No, you think it was a publicity stunt, but I like to believe it.
Yeah.
Although he put it it on 17 twice beforehand and it didn't work, didn't he?
It does seem like he was like, oh, something's going wrong.
But yeah, basically, most people these days think it was a publicity stunt because it happened to be the week before his movie came out and he was with all the press and everything like that.
So I saw a bit of footage the other day, totally unrelated to it, but to this fact.
I just happened to be watching it.
I'm convinced it must be a publicity stunt, but I can't see anyone that says it was.
Muhammad Ali, when he was up against Sonny Liston, he taunted to get the fight and to really get at him.

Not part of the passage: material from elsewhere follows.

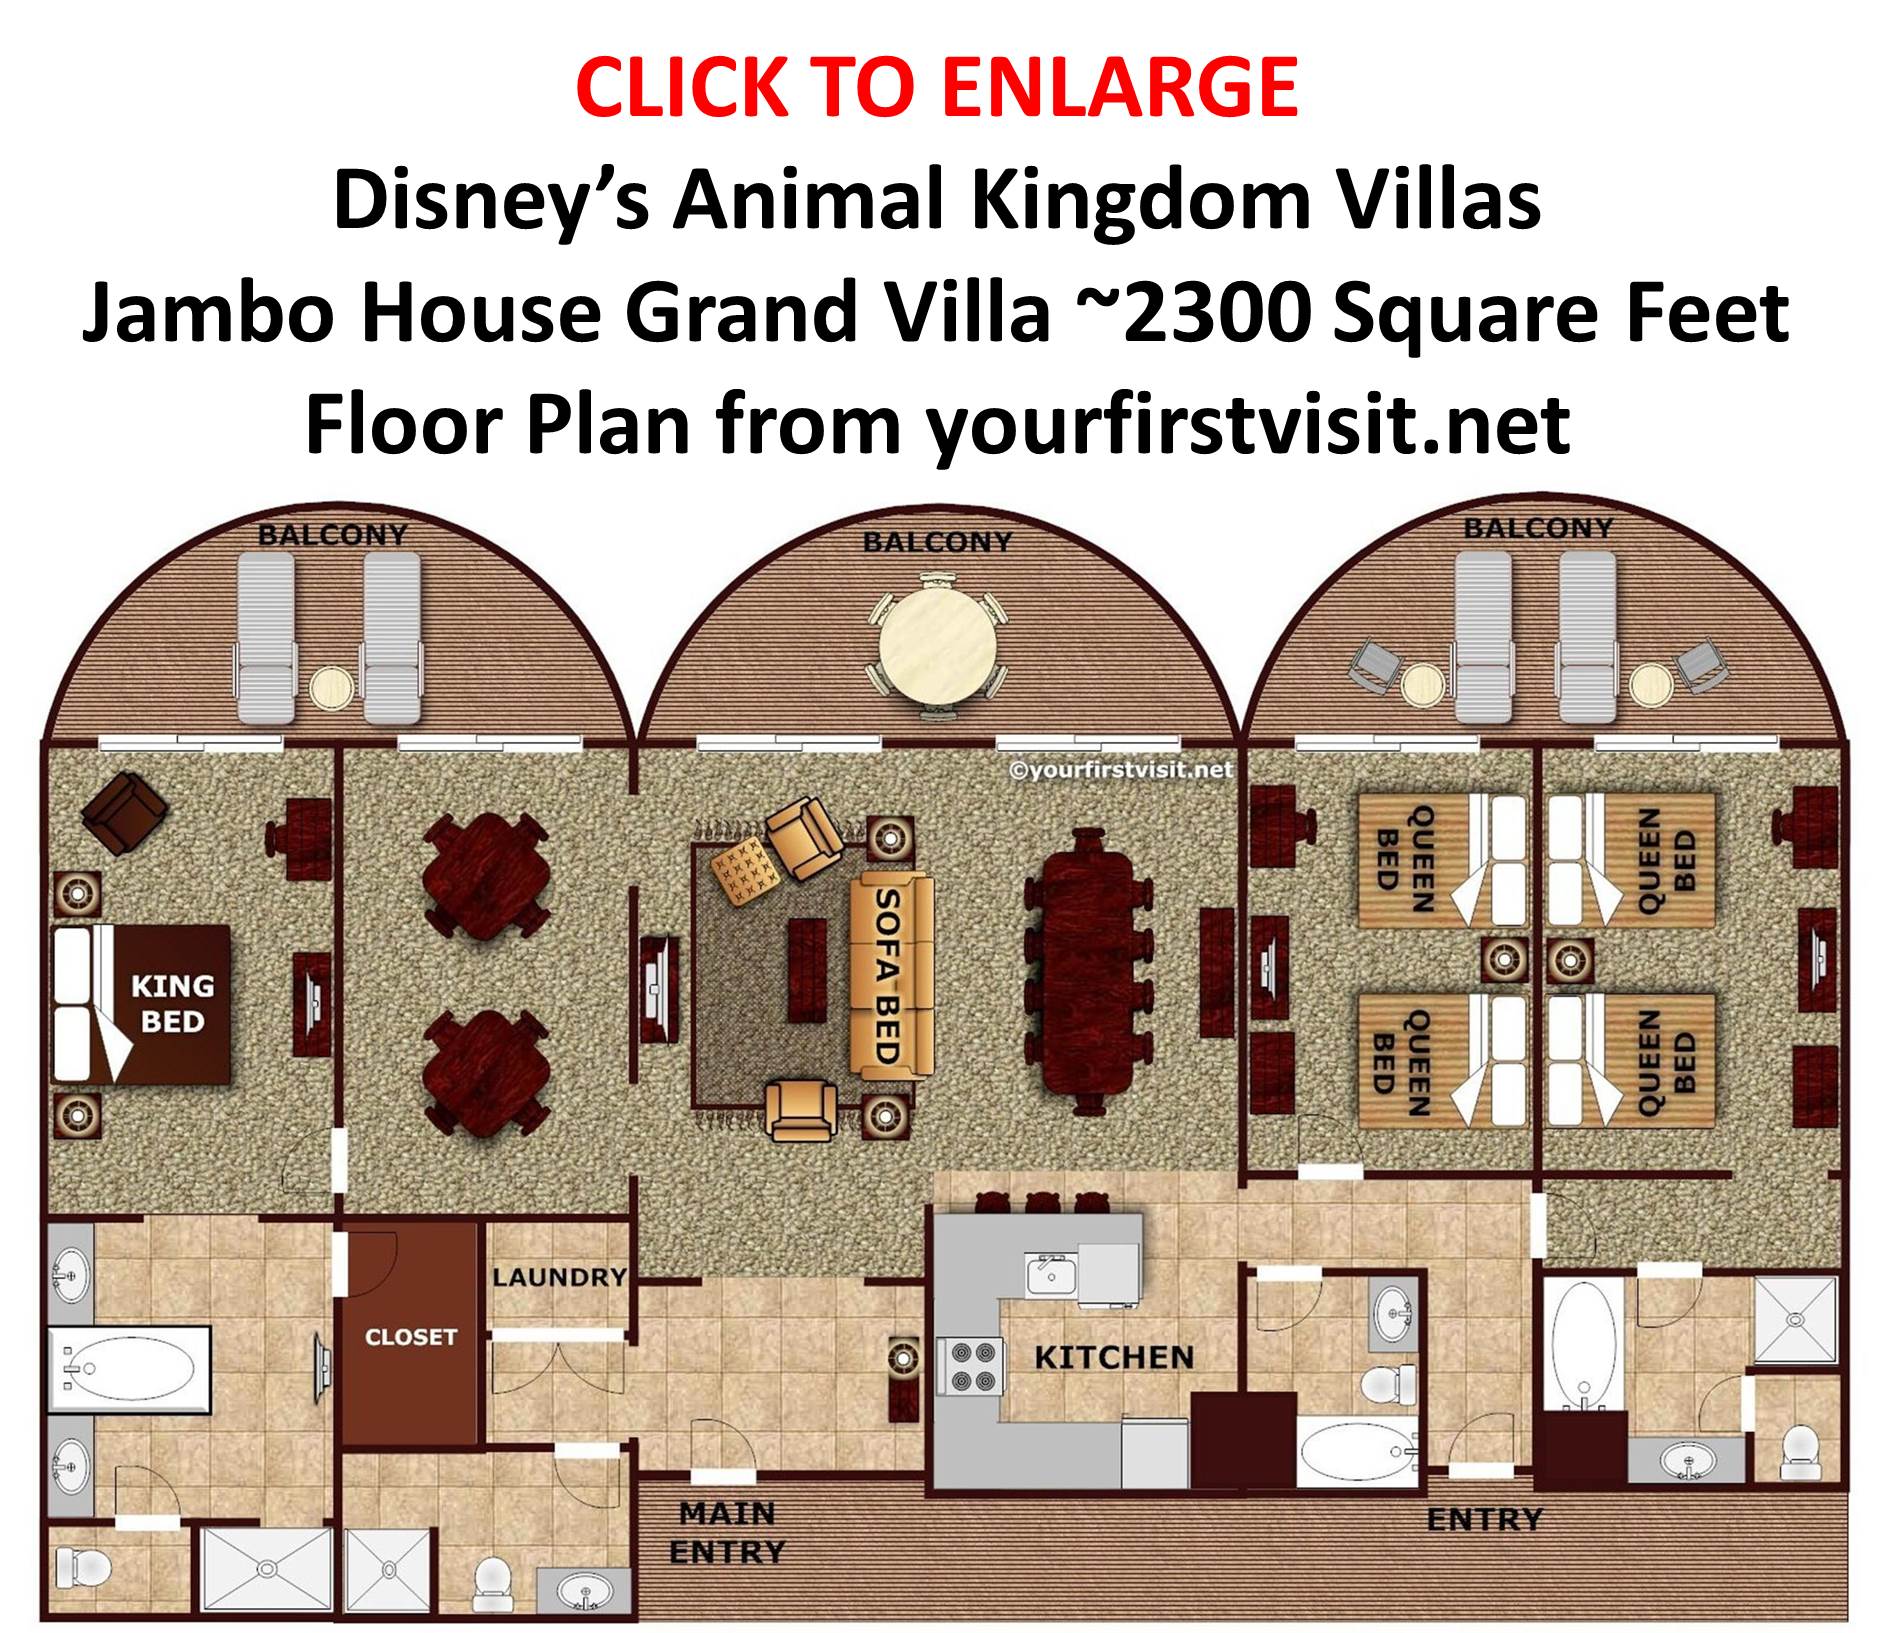 The Disney Vacation Club ("DVC") Resorts at Walt Disney World
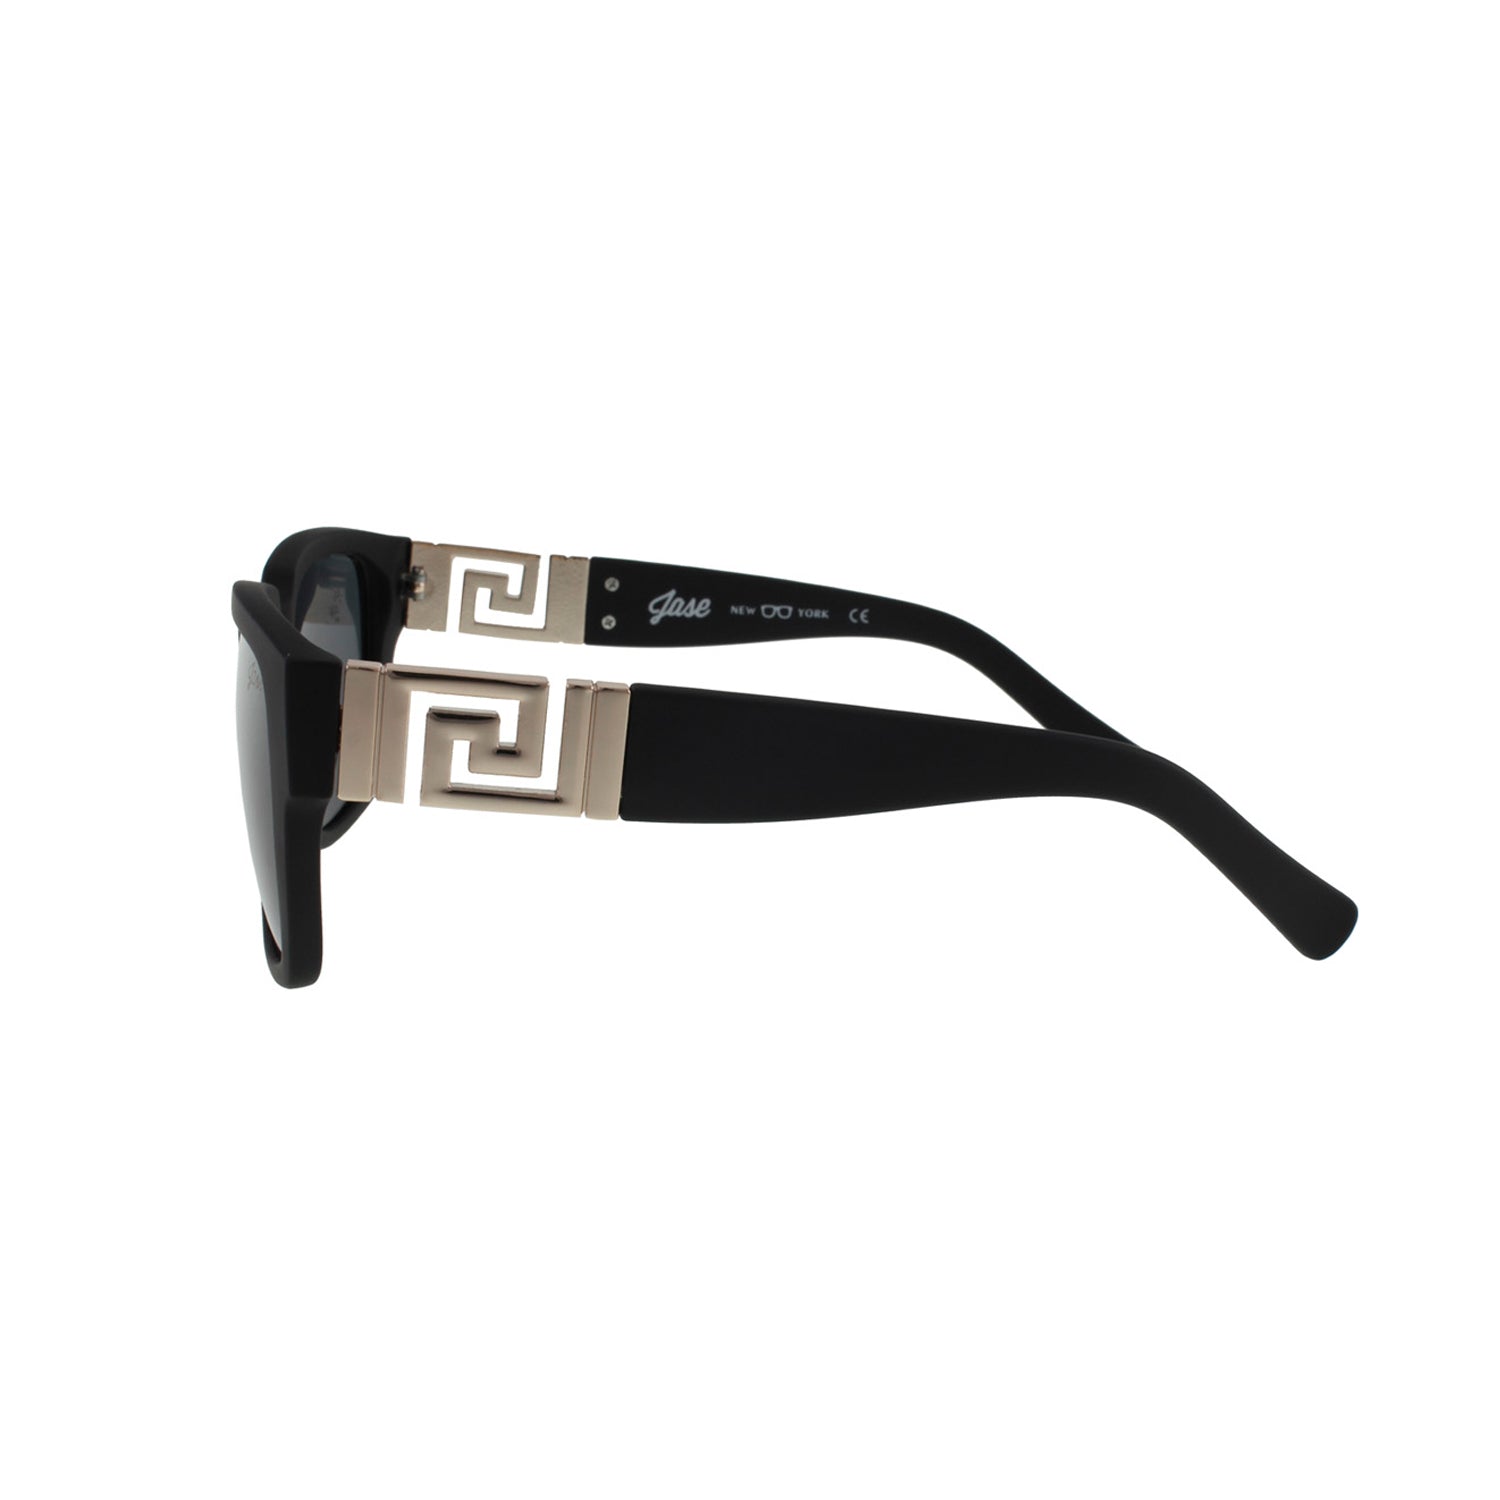 New York Victor Sunglasses - Shop Luxurious57

He kept showing up at his house in a bus and yelling through a megaphone at three o'clock in the morning, getting him out of the house, just infuriating him.
And there's footage of Sonny Liston at a table in a casino rolling dice and Muhammad Ali beside him just yelling at him, I'm going to take you down, doing all his Ali stuff.
And just out of nowhere, Sonny Liston pulls a gun out of his pocket and he fires it at Muhammad Ali.
And you see footage of Ali running out and everyone freaking out.
And then it turns out that the gun only has blanks in it.
And he fires a couple of shots into his jacket and then just goes back to rolling dice.
And everyone's fine with it.
And it moves on.
He must have crapped himself.
I found this great line from Stephen Wright about gambling.
In Vegas, I got into a long argument with the man at the roulette wheel over what I considered to be an odd number.
Do you know that all the, you know this, you all know the fact that all the numbers on a roulette wheel added up together?
No.
They add up to 666.
Do you know?
Yeah.
It's a bad sign.
People should know not to enter casinos.
But I actually did some research on roulette for this series, the R series, and I was reading into the number zero quite heavily.
And did you know that zero was banned on roulette tables in this country in the, I think it was the late 60s?
Really?
Yeah, so.
So it sways the odds too much in favour of the casino.
Well, it sways the odds in favour of the casino at all, basically.
So, like you'll know, if you go to a casino today, they all have a zero and they absolutely have to, otherwise, a casino wouldn't be able to come off making money because there are 36 numbers and you're given odds of one in 36, but there's this zero on.
Sometimes there's a double zero or a triple zero if you're really being ripped off.
But yeah, in the 60s, in 1967, the lawlords, like the equivalent of the Supreme Court, decided that they didn't approve of this.
They thought it was unfair that the casino would have any advantage, and they banned zeros from roulette tables.
Wow.
And Scotland Yard policemen would go round casinos and check for zeros on tables and then close them down if they had them.
And how long did that last for?
It lasted a year.
And then they realised that all casinos were saying, well, we're not going to do business anymore.
And people like casinos.
And so they changed that law.
That's amazing.
I was reading a thing that apparently something that's experienced by quite a few casino goers is if they sit down at a slot machine, they'll sometimes sit on quite a damp chair.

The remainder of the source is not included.